Figure 1. Autonomic failure patients required lower doses of L-NMMA to achieve similar increases in blood pressure compared to autonomically-blocked normal subjects

A shows individual values for systolic blood pressure (SBP) in patients with autonomic failure (AF, circles) and normal controls (NLS, triangles). At baseline, autonomic failure patients showed higher SBP values. They were subjected to graded head up tilt (Tilt) until a systolic blood pressure of about 110 mm Hg was reached, whereas autonomic blockade was induced in normal subjects with trimethaphan (TrMT). SBP were similar between groups after these interventions. The nitric oxide synthase inhibitor L-NMMA was then infused at increasing doses, individualized to reach a systolic blood pressure of 150 mm Hg. Panel B shows the cumulative total amount of L-NMMA required to increased systolic blood pressure to 150 mm Hg in autonomic failure patients (AF, gray bar) and normotensive controls (NLS, white bar).

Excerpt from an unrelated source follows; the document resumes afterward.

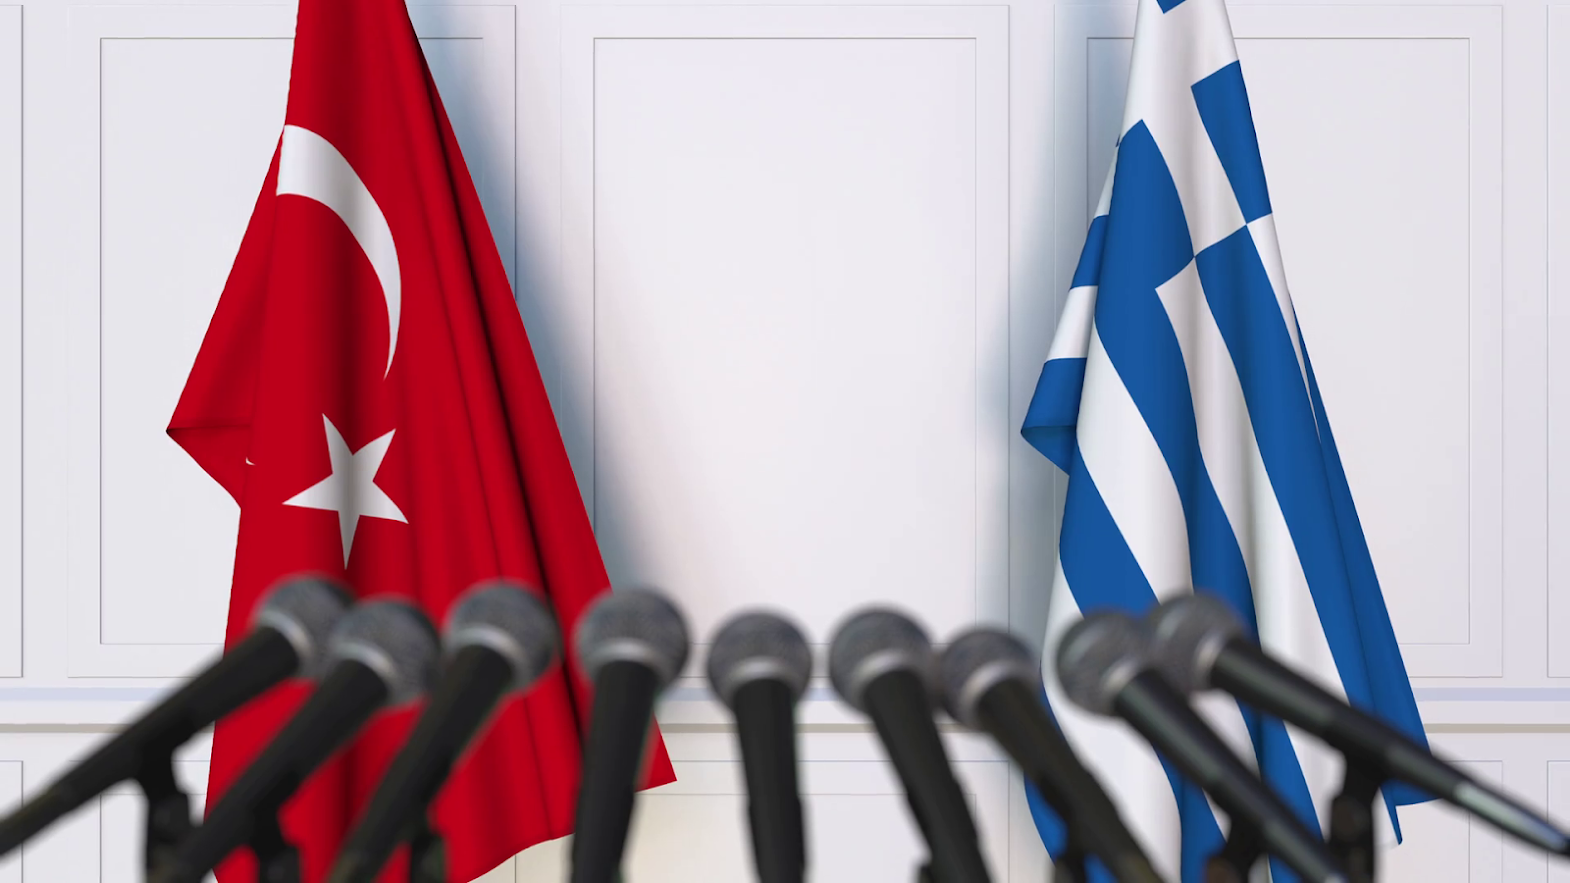 Η ανάρτηση Καλαφάτη για τα ελληνοτουρκικά σε σχέση με τη συμφωνία των Πρεσπών

Figure 2. NO inhibition with L-NMMA induces similar increases in systolic blood pressure in autonomic failure patients with or without supine hypertension

Panel A shows individual values for systolic blood pressure (SBP) in 9 patients with autonomic failure and supine hypertension (SupHTN) and 5 patients without supine hypertension (SupNTN), Baseline (Pre) SBP values were obviously greater in AF patients with supine hypertension (174±3.7 vs. 124±5.6 mm Hg in those without supine hypertension). Subjects were then gradually tilted head up (Tilt) to induce a SBP of ~110 mm Hg, and then the nitric oxide synthase inhibitor L-NMMA was infused at increasing doses individualized to reach a systolic blood pressure of 150 mm Hg. The changes in SBP induced by L-NMMA infusion were very similar in both groups (from 107±2.4 to 154±4.7 and from 111±1.6 to 148±4.9 in patients with and without supine hypertension respectively). Panel B shows that similar cumulative total amounts of L-NMMA were required to increased systolic blood pressure to 150 mm Hg in autonomic failure patients with supine hypertension (SupHTN, white bar) and without supine hypertension (SupNTN, white bar, p=0.438).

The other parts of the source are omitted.